◆ **RECORDED INFORMATION**
== == ==

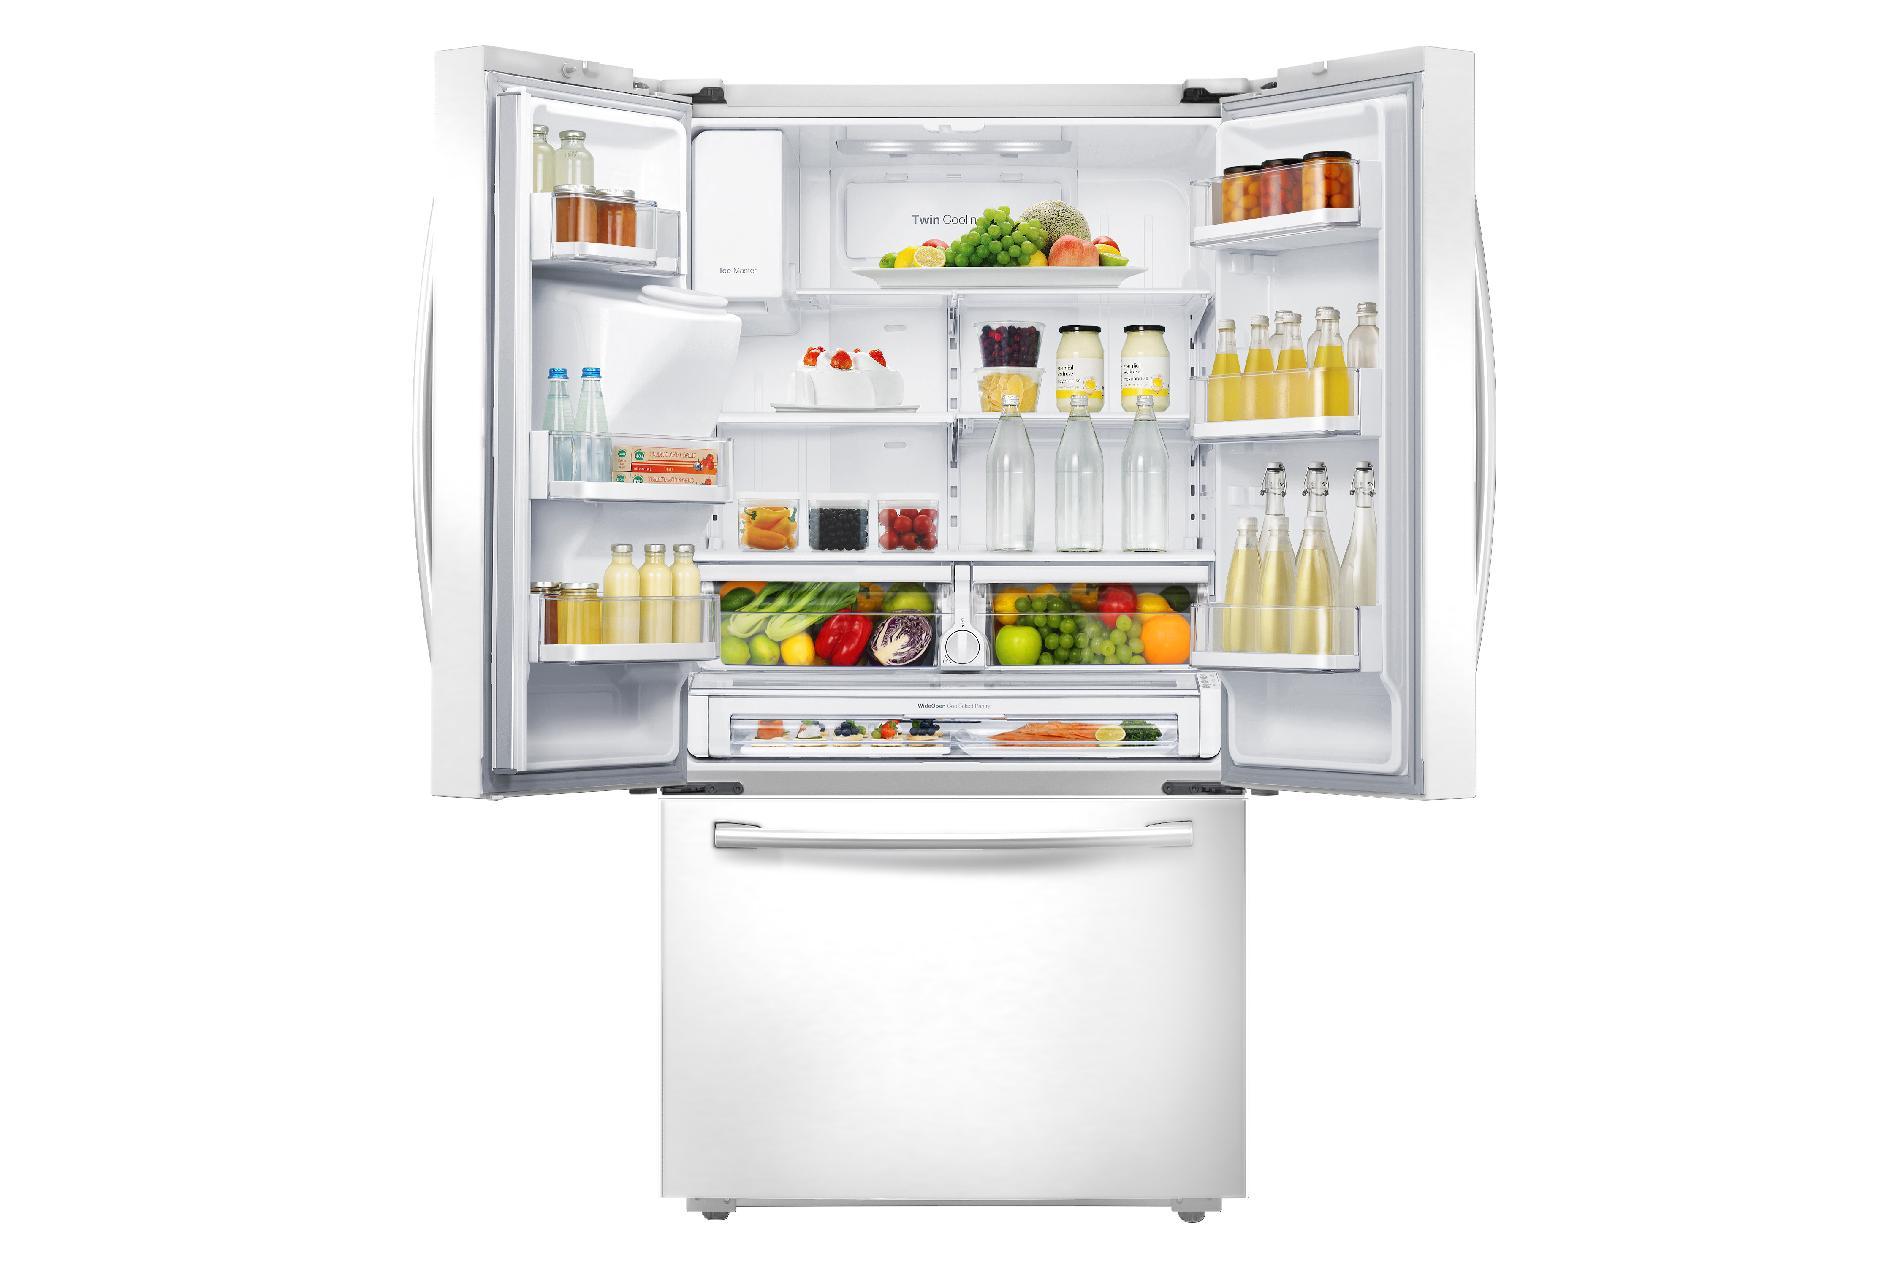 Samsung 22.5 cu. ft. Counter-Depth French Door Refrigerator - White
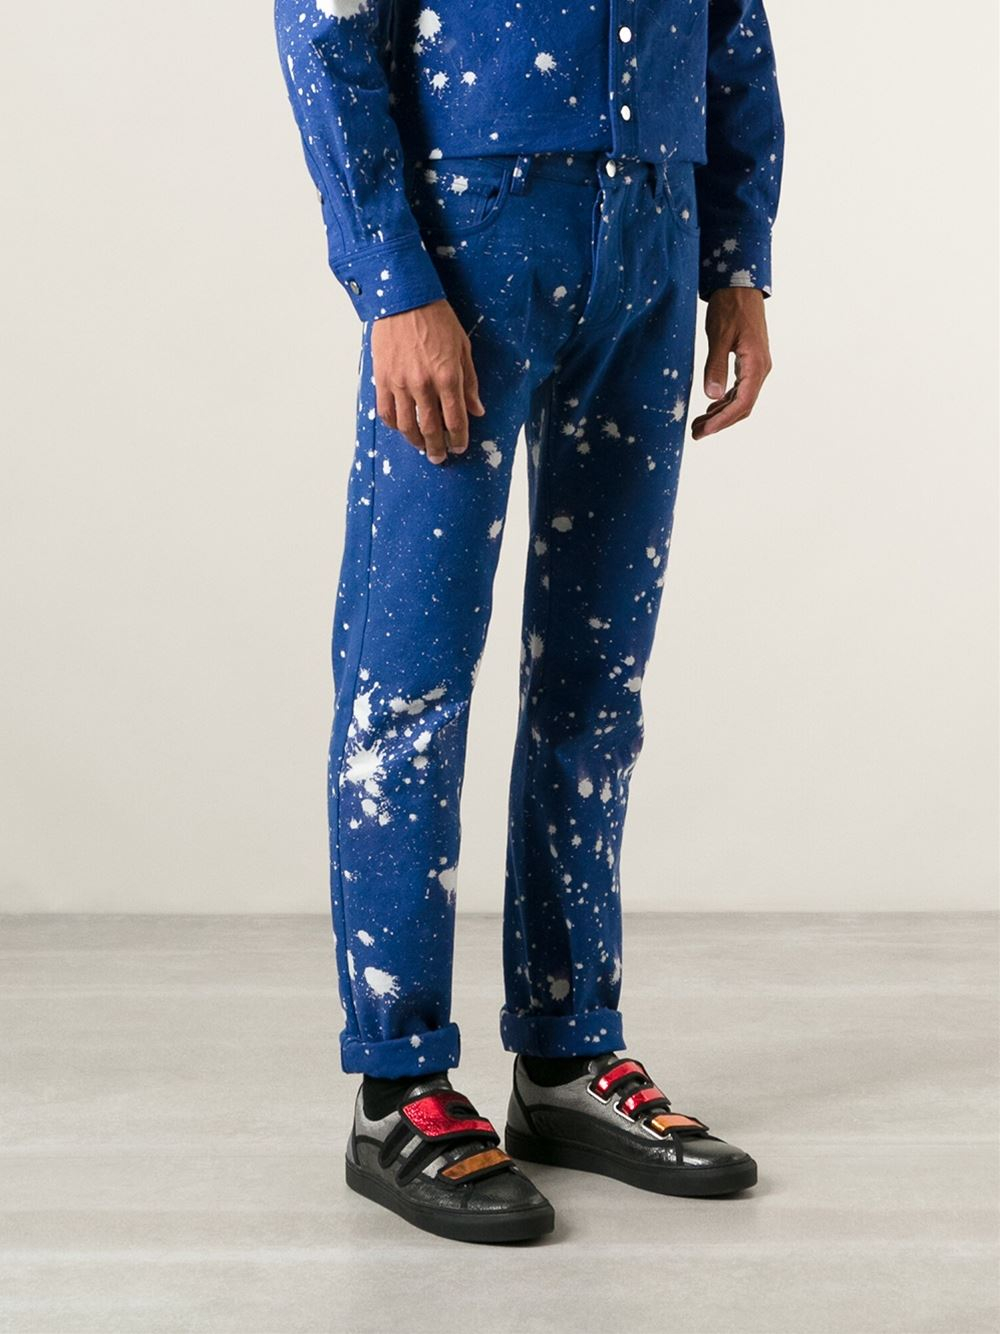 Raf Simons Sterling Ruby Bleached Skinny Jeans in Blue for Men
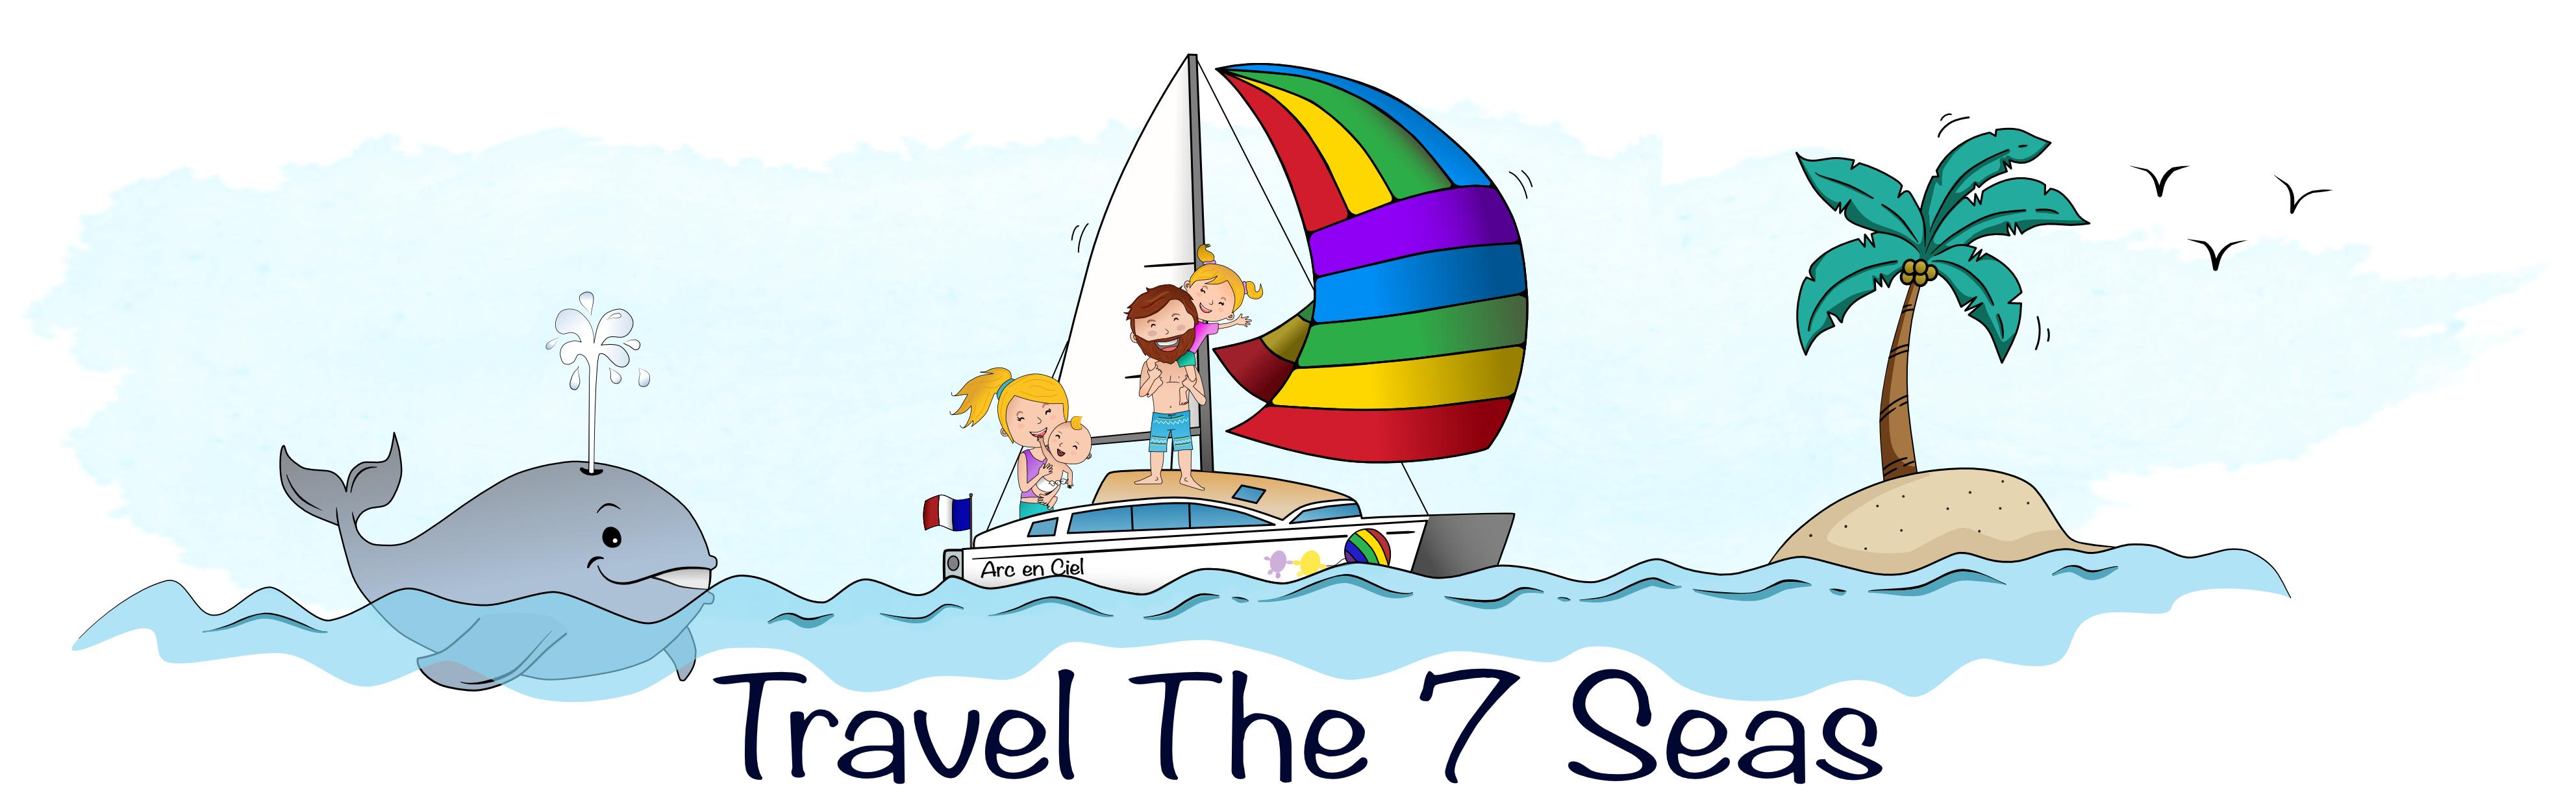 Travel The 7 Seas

== == ==

Please transcribe the listing exactly as it stands, but omit its pictures.

 Samsung 22.5 cu. ft. Counter-Depth French Door Refrigerator - White
 Raf Simons Sterling Ruby Bleached Skinny Jeans in Blue for Men
 Travel The 7 Seas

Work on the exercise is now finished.